I think you're on fundamentally the wrong track here. Not that I know how to build an Oracle AI either, but giving an AI a huge penalty function over the world to minimize seems like an obvious recipe for building something that will exert lots and lots of power.
I share your pessimism about this sort of boxing proposal, but I don't think your criticism holds up.
In this setup the AI can always choose to do nothing, so if it is maximizing U - (penalty), where U is bounded between 0 and 1, it will expect to incur a penalty of at most 1. So your objection would be resolved if we could find a (penalty) such that massive nanotech reliably incurs a penalty of at least 1, but such that U - (penalty) was positive for some courses of action. Nanotech isn't magic, so this isn't so hard if we have a coarse graining relative to which the AI should have a very small effect.
For example, if our course-graining was defined by only paying attention to the world outside the box over the next hour, and we expect the AI to have no effect outside of the box until we sterilize the box and look inside in an hour (and the box were relatively well insulated and so on), this is a pretty "easy" target--it requires "merely" reaching into the ontology to specify the coarse-graining, the event X, and time duration, and being able to define a utility function in terms of the AI's beliefs without leading to insanity.
Of course, we can get similar gains in such simple cases with good hardware containment, and the question is what you would safely do with such limited functionality. Stuart is trying to aim for a more generally useful notion, whose possibility I am more dubious of.
I do not understand how your reply addresses the issue of the butterfly effect, which would also radiate out from a sterilized box. Physics is just not that stable; any microscopic equivalent of a sneeze, even in the form of past alternative firings for transistors, will still radiate out to larger and larger effects.

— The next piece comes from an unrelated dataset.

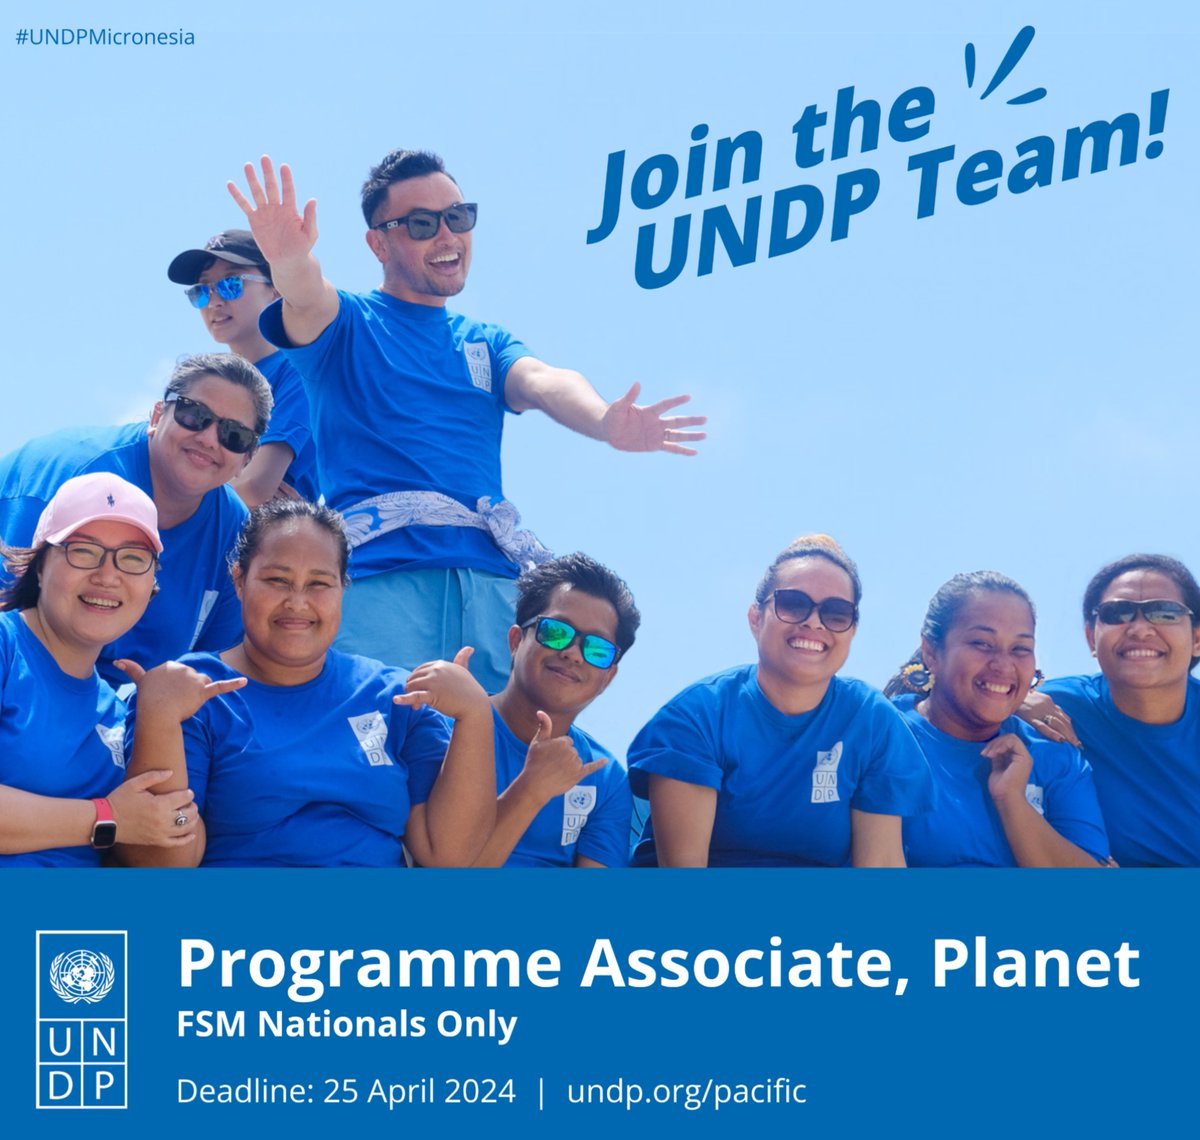 📣Calling all interested #FSM Nationals! Join the dynamic UNDP Team in Pohnpei 🇫🇲 as Programme Associate & work closely with operations, programme, & project teams under the Resilience & Climate Change portfolio. Apply by 25 April ➡️ zurl.co/7XRn #UNDPMicronesia

If the counterfactual in "my effect on the universe" is defined relative to a privileged null action, the AI will always take that action and behave in an undefined way relative to the effect of electromagnetic radiation from its circuitry, etc., and the timing of its display and anything else that was defined into the coarse-grained equivalence class of the privileged null action, etc., all of which would be subject to optimization in the service of whichever other goals it had, so long as the inevitable huge penalty was avoided by staying in the "null action" equivalence class.
The penalty for impact is supposed to be defined with respect to the AI's current beliefs. Perhaps shuttling around electrons has large effects on the world, but if you look at some particular assertion X and examine P(X | electron shuffle 1) vs. P(X | electron shuffle 2), where P is AI's beliefs, you will not generally see a large difference. (This is stated in Stuart's post, but perhaps not clearly enough.)
I'm aware of the issues arising from defining value with this sort of reference to "the AI's beliefs." I can see why you would object to that, though I think it is unclear whether it is fatal (minimally it restricts the range of applicability, perhaps to the point of unhelpfulness).
Also, I don't quite buy your overall argument about the butterfly effect in general. For many chaotic systems, if you have a lot of randomness going in, you get out an appropriate equilibrium distribution, which then isn't disturbed by changing some inputs arising from the AI's electron shuffling (indeed, by chaoticness it isn't even disturbed by quite large changes). So even if you talk about the real probability distributions over outcomes for a system of quantum measurements, the objection doesn't seem to go through. What I do right now doesn't significantly affect the distribution over outcomes when I flip a coin tomorrow, for example, even if I'm omniscient.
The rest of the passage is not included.